If David was a slightly odd child, his parents, lost in their own preoccupations, hardly noticed. His father, Ken Hahn, grew up in the Detroit area along with his four brothers and sisters. Ken’s father was a skilled tradesman, a tool-and-die maker who worked for General Electric and Pratt & Whitney. At night, Ken would sit with his dad and pore over blueprints of the tools his dad made during his workday. By the time he reached Henry Ford High School, Ken had decided to pursue a similar career, though he was fascinated by the idea of drawing the blueprints, not building the tools. He enrolled in a college-prep program for mechanical engineering and after graduating attended Lawrence Technological University, a local school.

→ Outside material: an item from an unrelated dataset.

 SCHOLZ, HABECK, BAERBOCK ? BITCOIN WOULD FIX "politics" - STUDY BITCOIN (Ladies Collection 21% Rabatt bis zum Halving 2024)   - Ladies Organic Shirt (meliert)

Ken was so wrapped up with his engineering studies that he had little time for dating or romance. But while a sophomore at Lawrence Tech, he and a friend were cruising Woodward Avenue just outside of Detroit when they spotted two pretty girls driving alongside his Chevy Chevelle. After signaling for them to pull into a Big Boy hamburger drive-in, Ken zeroed in on nineteen-year-old Patty Spaulding and came away with her phone number. For Ken, it was love at first sight. “She was cute as a bug,” he remembered later, proudly showing off a picture of a beautiful young woman with a bouncy smile.

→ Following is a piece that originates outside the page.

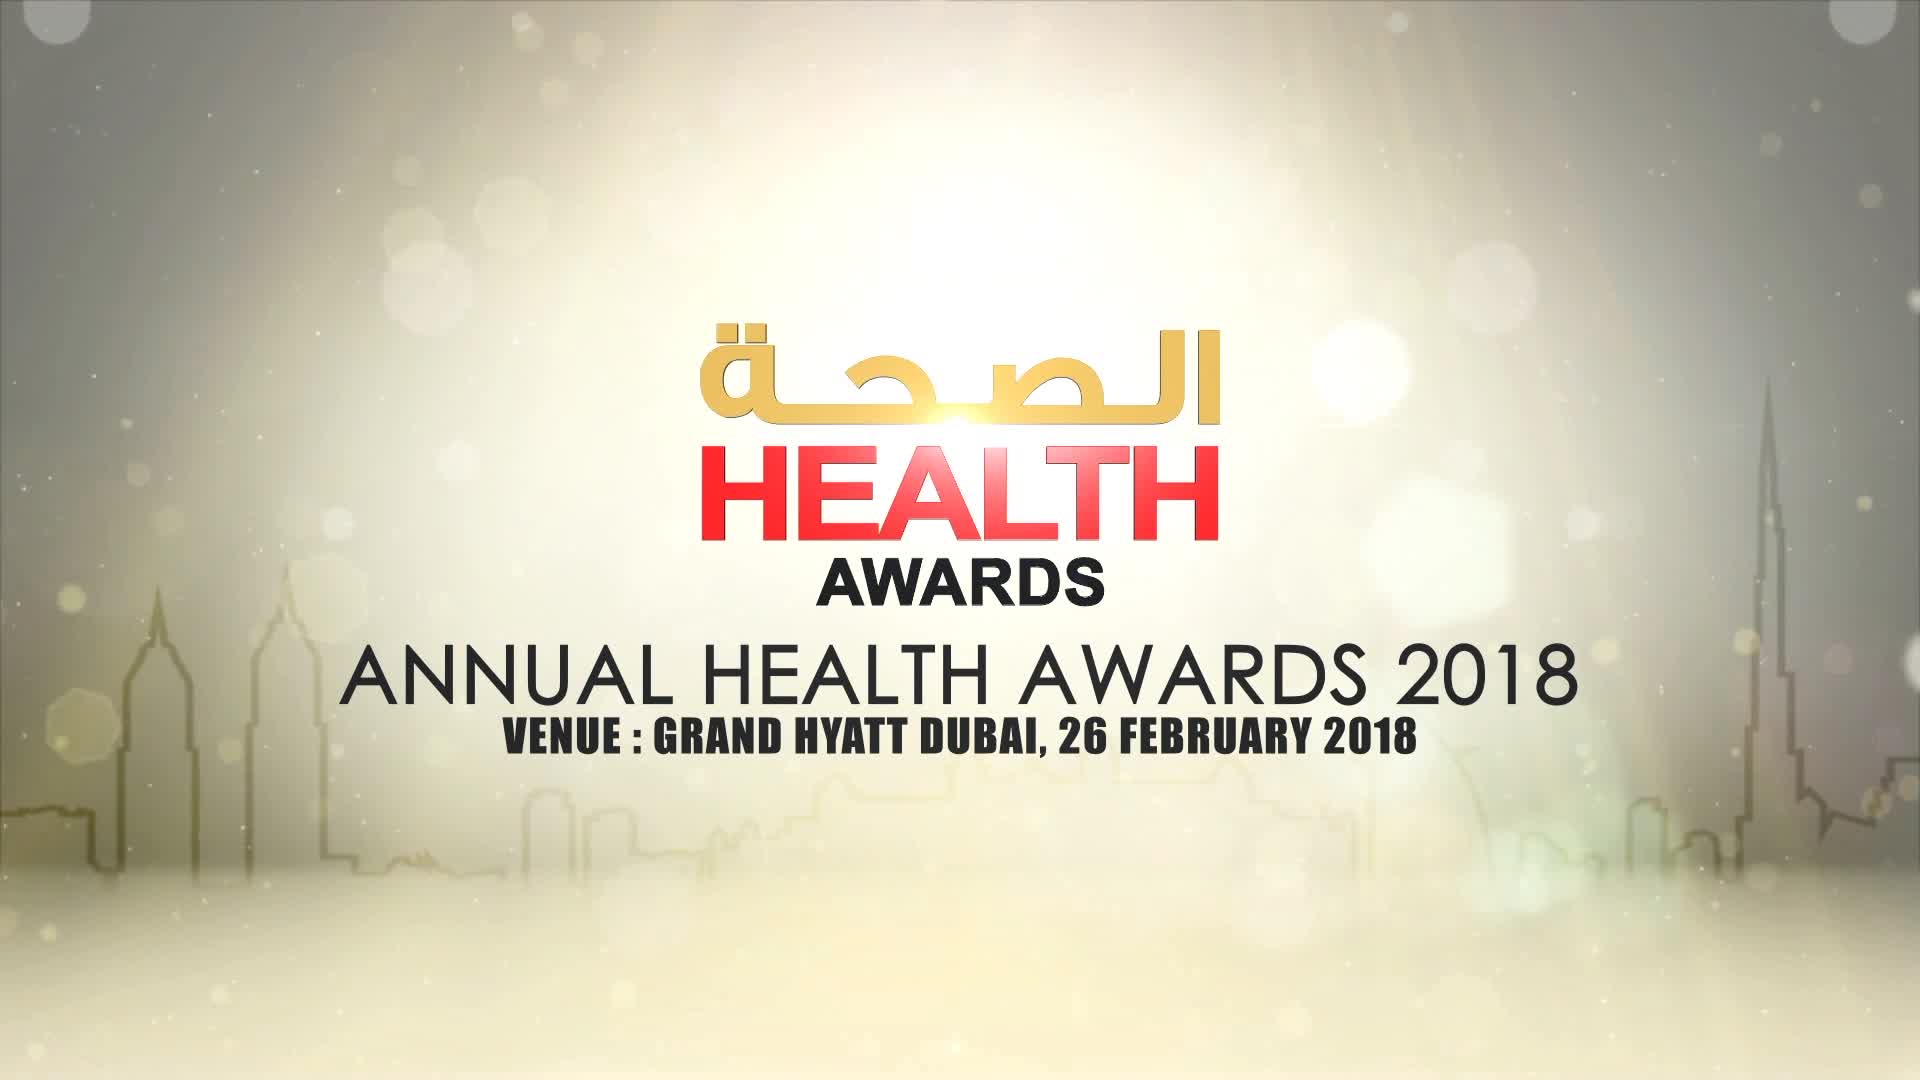 Thumbai_Annual Health Award 2018

But Patty, having recently ended a stormy relationship, was initially aloof. She had not had many positive experiences with men. Patty had been raised in a poor region of West Virginia, and her father had abandoned the family when she was young. Her mother, Lucille, had packed up and moved the family to Detroit, where they had relatives. Lucille found work at a doctor’s office, and the family moved into the middle class, albeit at the lower end of that category. It wasn’t an easy life, but it was better than West Virginia.

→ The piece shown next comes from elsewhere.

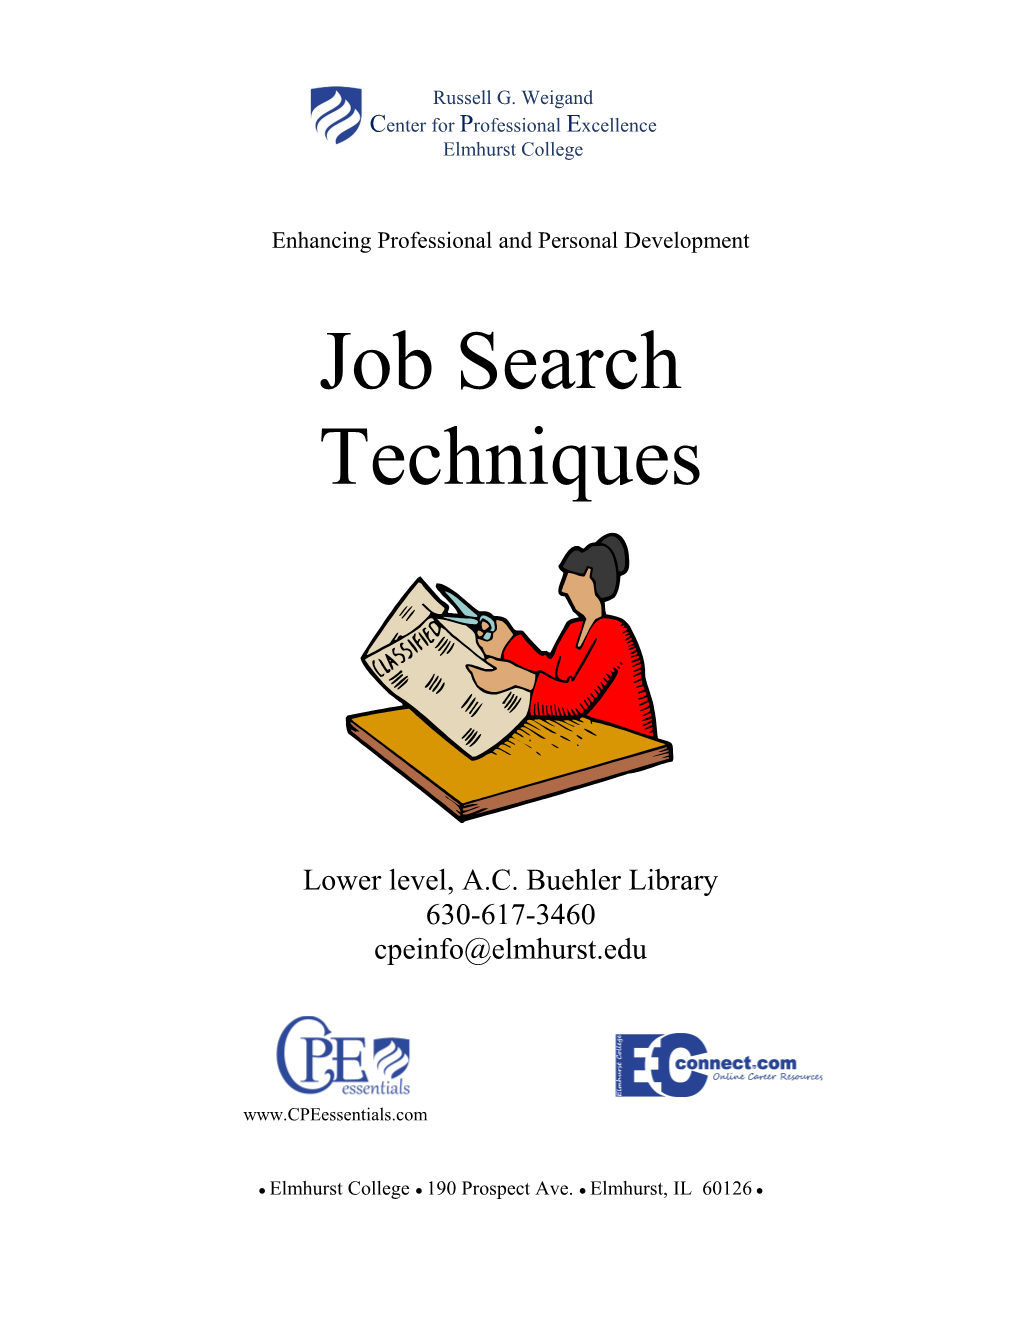 Job Search Techniques

Ken was a determined suitor, though. After a four-year courtship during which he displayed the same tenacity that he normally reserved for work-related engineering challenges, Ken finally wore down Patty’s resistance. They were married in July 1974.
Like those of all residents of contemporary Detroit, Ken and Patty’s lives were shaped physically, economically, and socially by the automobile industry. The metropolitan area was then home to Ford, General Motors, and Chrysler, as well as to thousands of small shops that produced machine parts, brake linings, and industrial tools for the Big Three automakers. Soon after the wedding, Ken found a job as a mechanical engineer at a General Motors subcontractor, and he and Patty moved into a suburban apartment complex not far from his office. David, their only child, was born on October 30, 1976.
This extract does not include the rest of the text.